• TASK DESCRIPTION: Your job is to return the whole listing unchanged while skipping its images.

• COLLECTED MATERIAL:
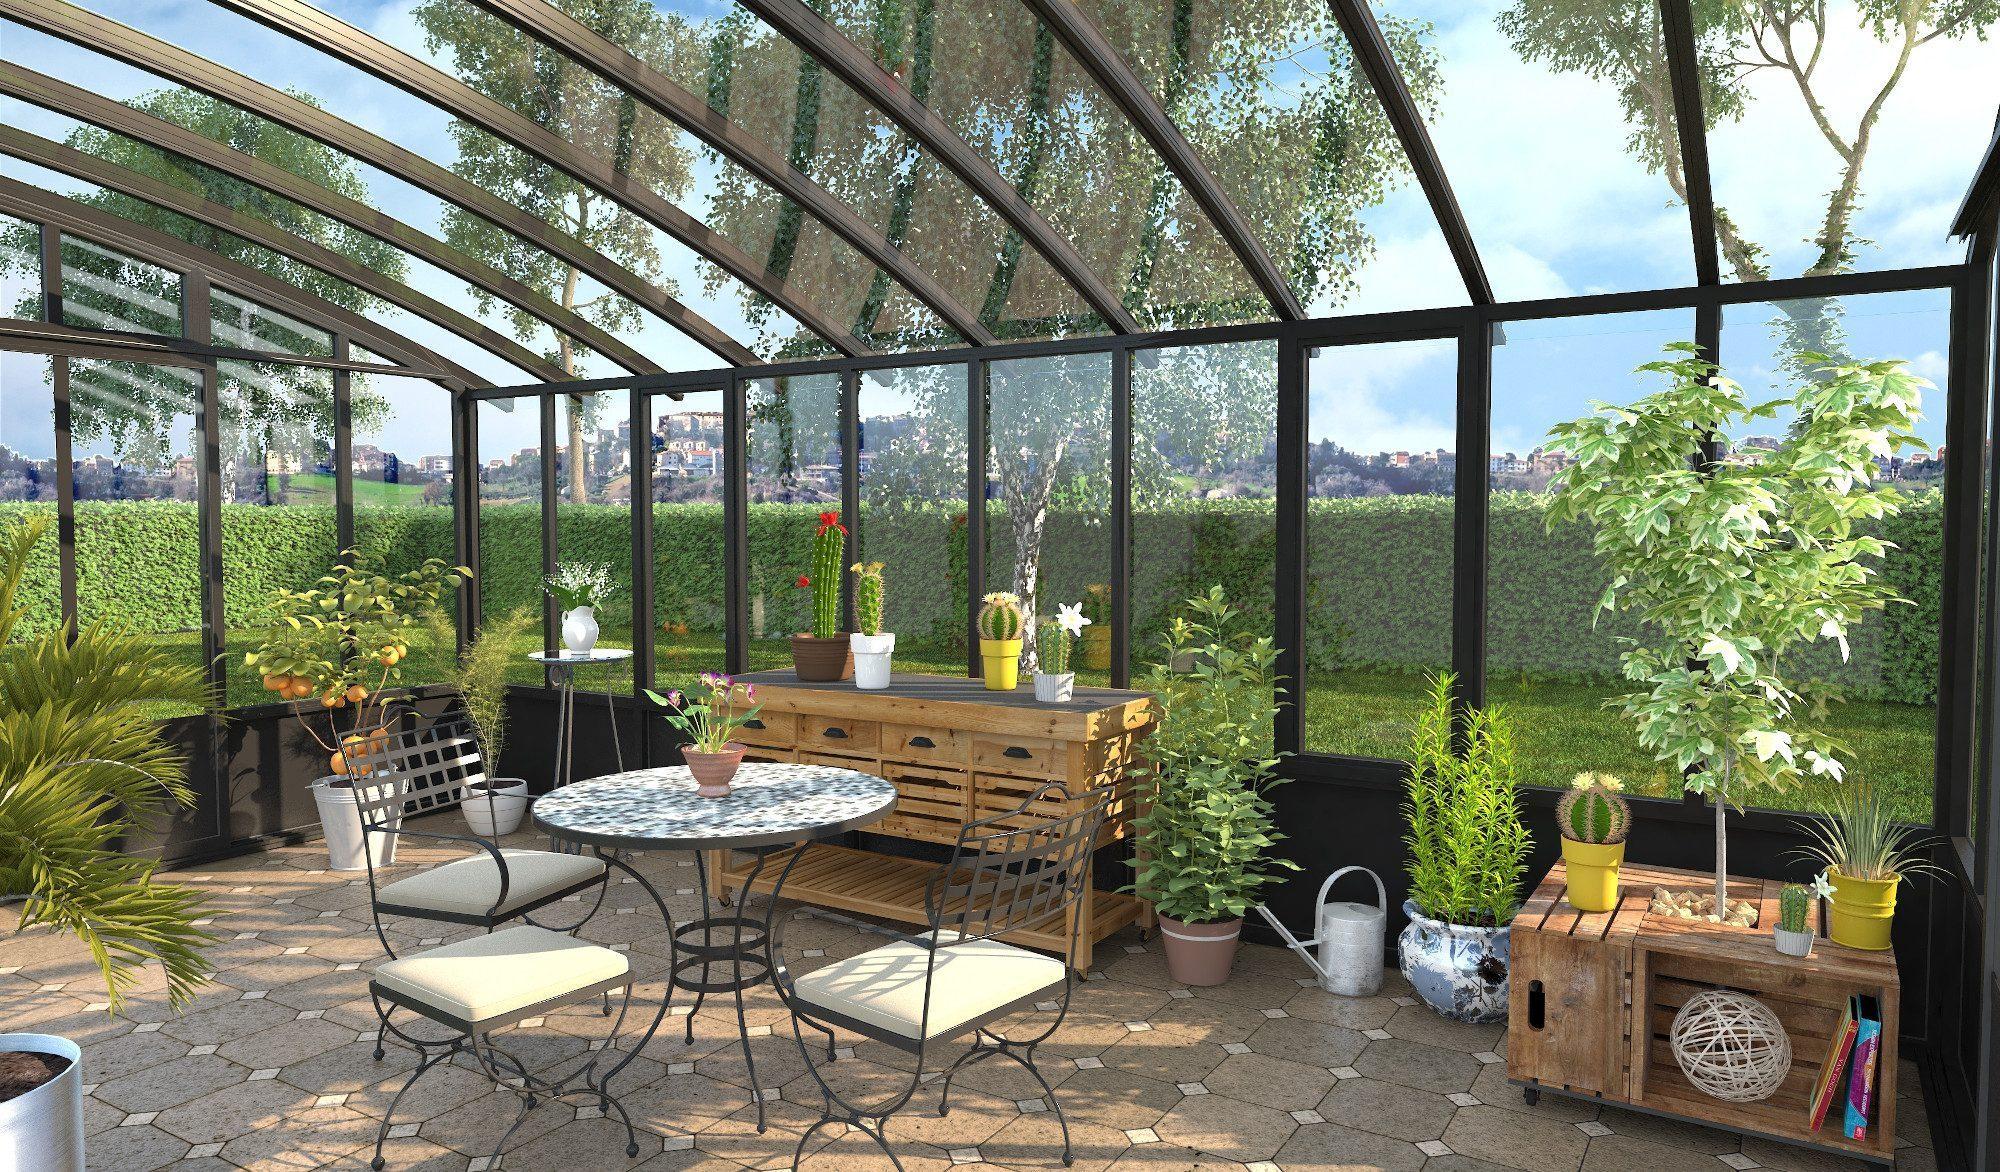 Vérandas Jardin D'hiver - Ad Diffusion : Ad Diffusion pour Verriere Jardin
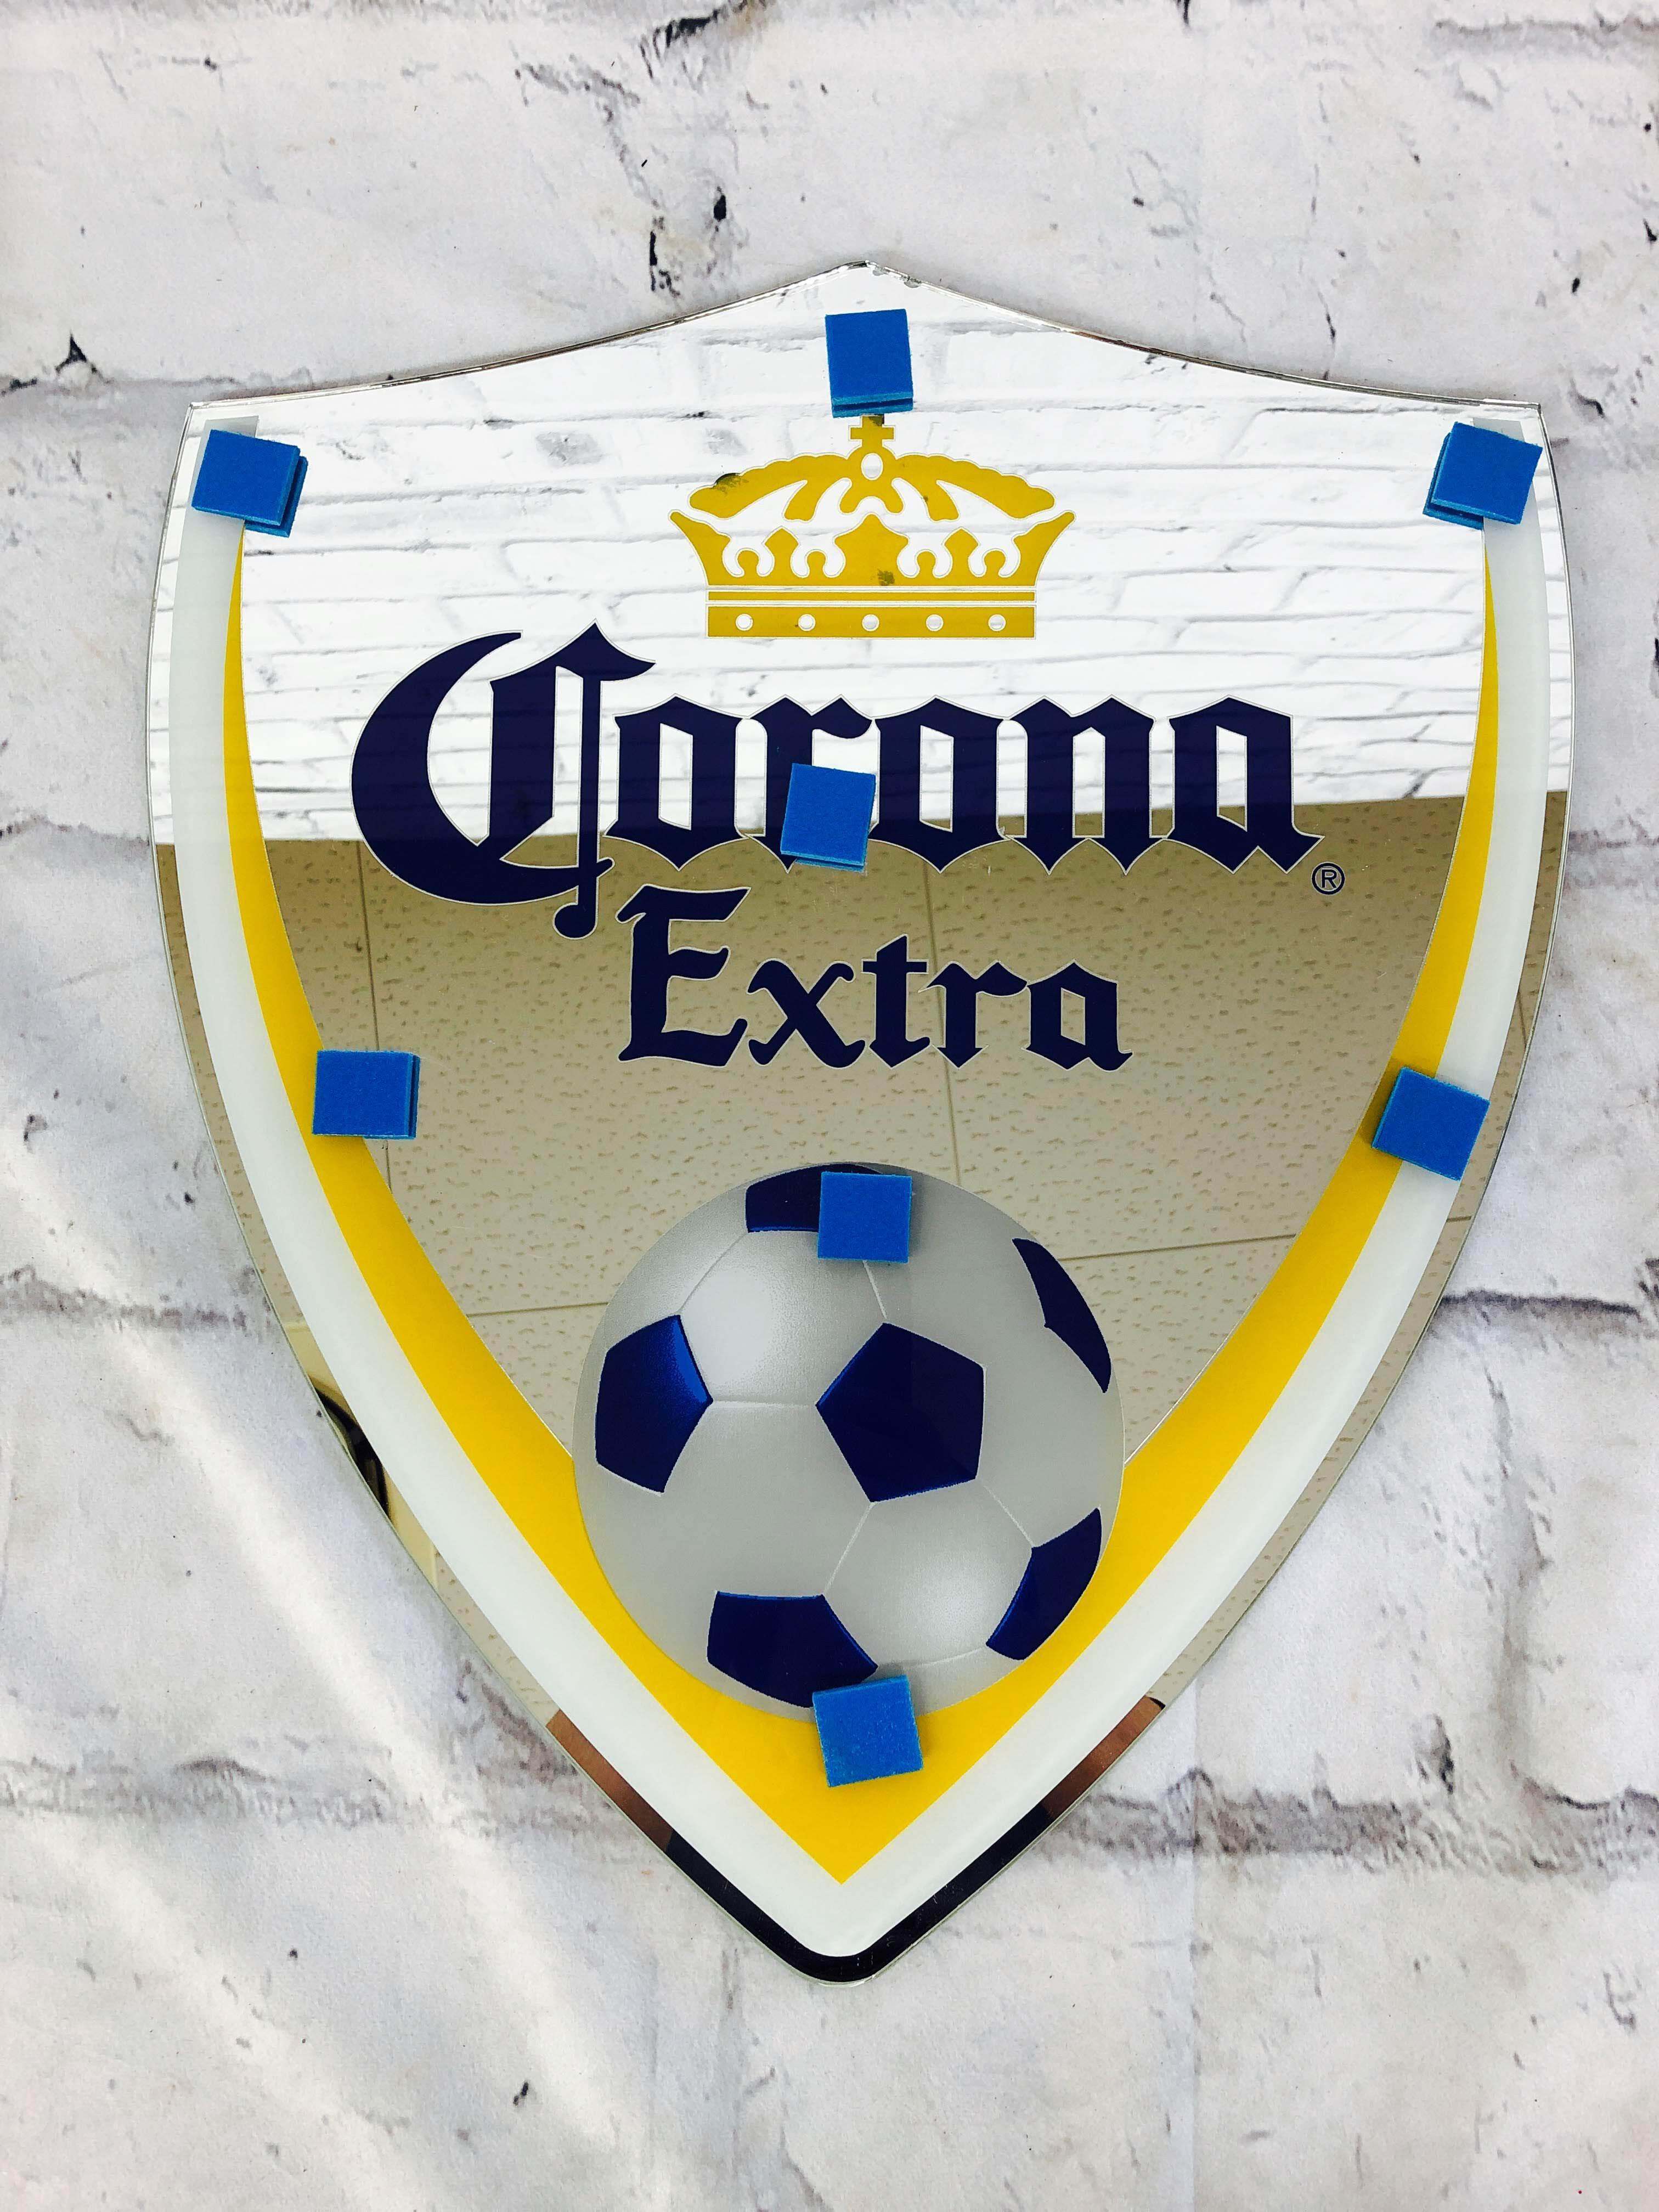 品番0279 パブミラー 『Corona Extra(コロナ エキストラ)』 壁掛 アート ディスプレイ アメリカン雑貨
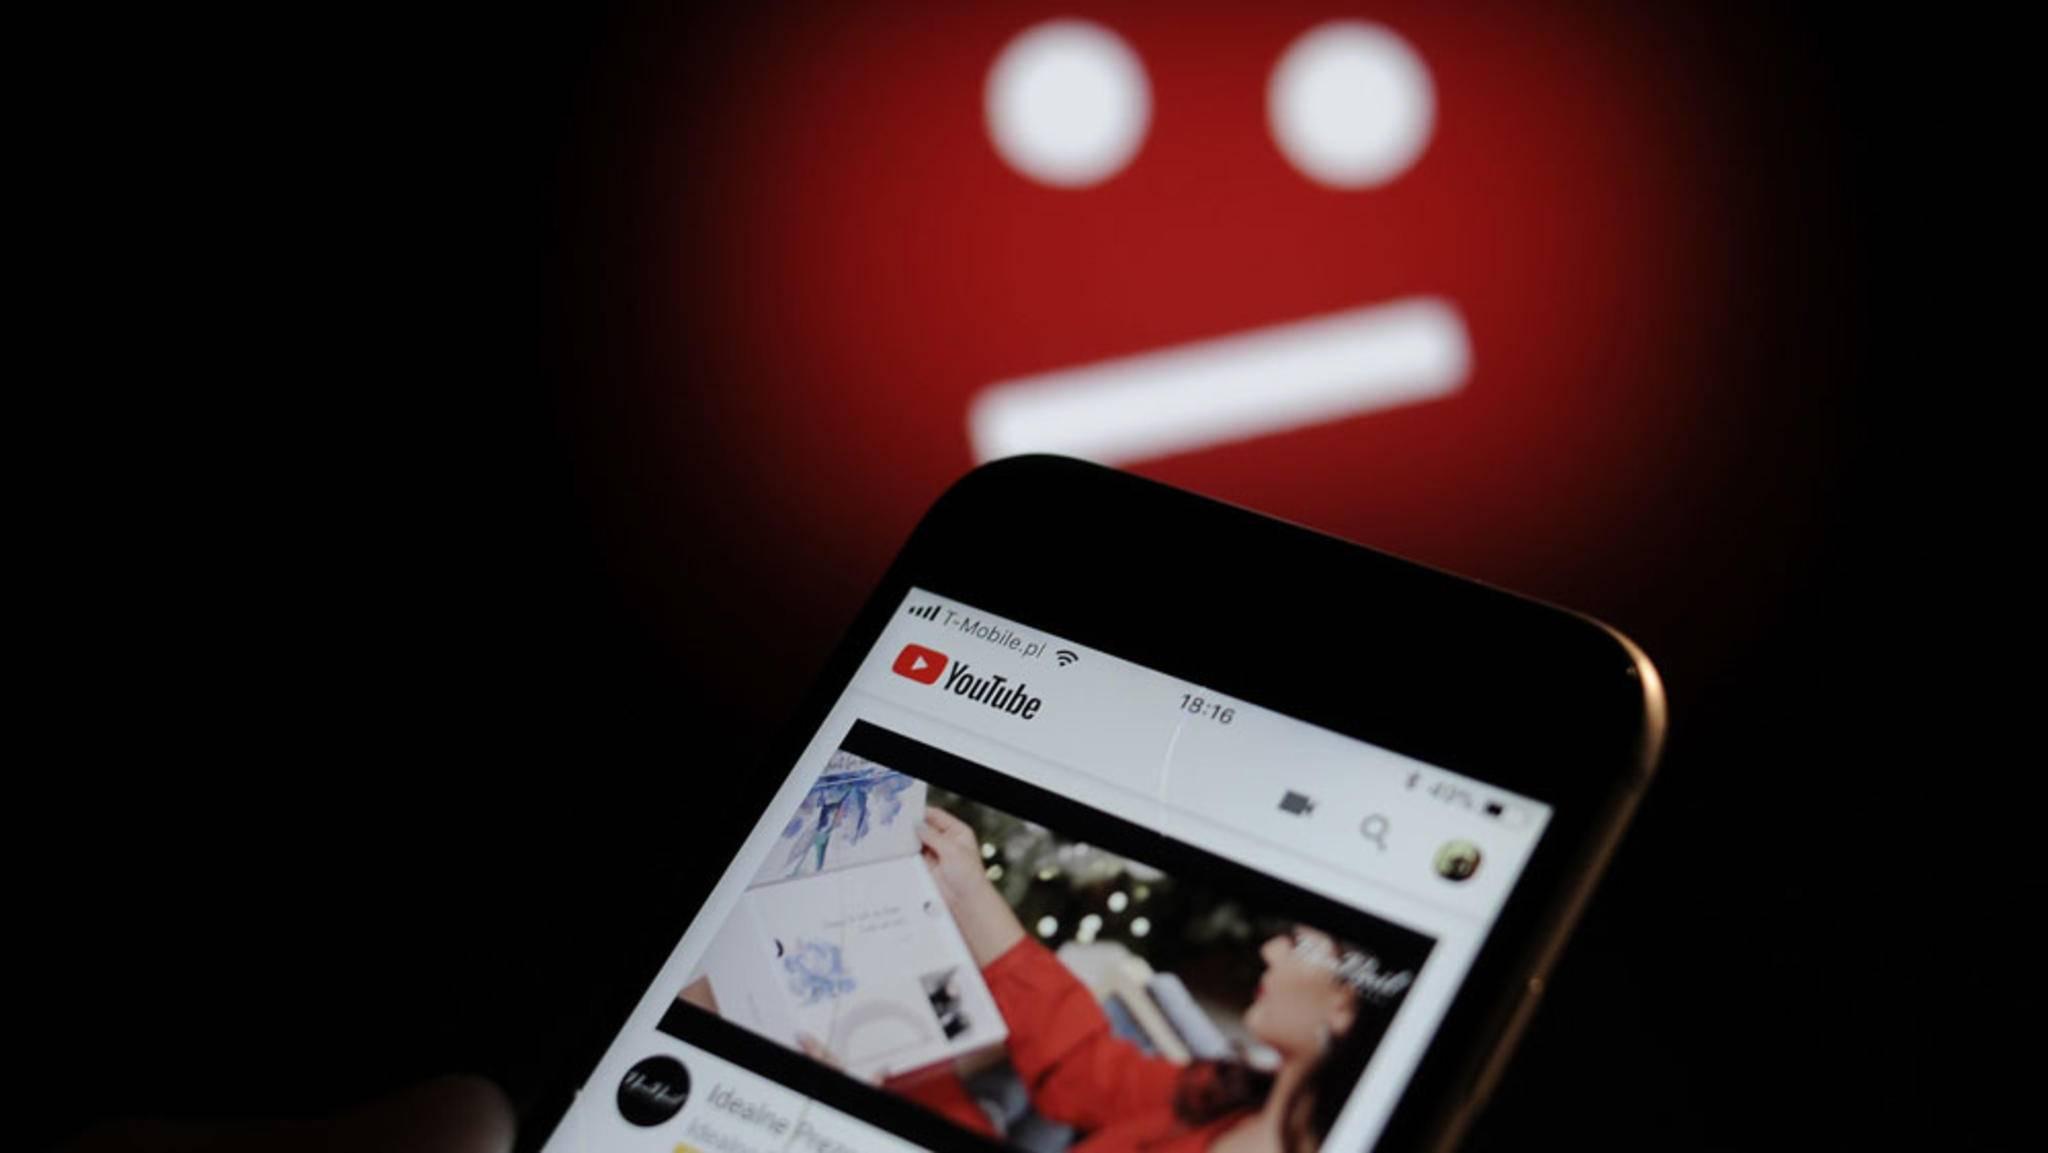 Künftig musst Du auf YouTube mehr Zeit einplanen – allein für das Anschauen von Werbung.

• OUTPUT BELOW:
 Vérandas Jardin D'hiver - Ad Diffusion : Ad Diffusion pour Verriere Jardin
 品番0279 パブミラー 『Corona Extra(コロナ エキストラ)』 壁掛 アート ディスプレイ アメリカン雑貨
 Künftig musst Du auf YouTube mehr Zeit einplanen – allein für das Anschauen von Werbung.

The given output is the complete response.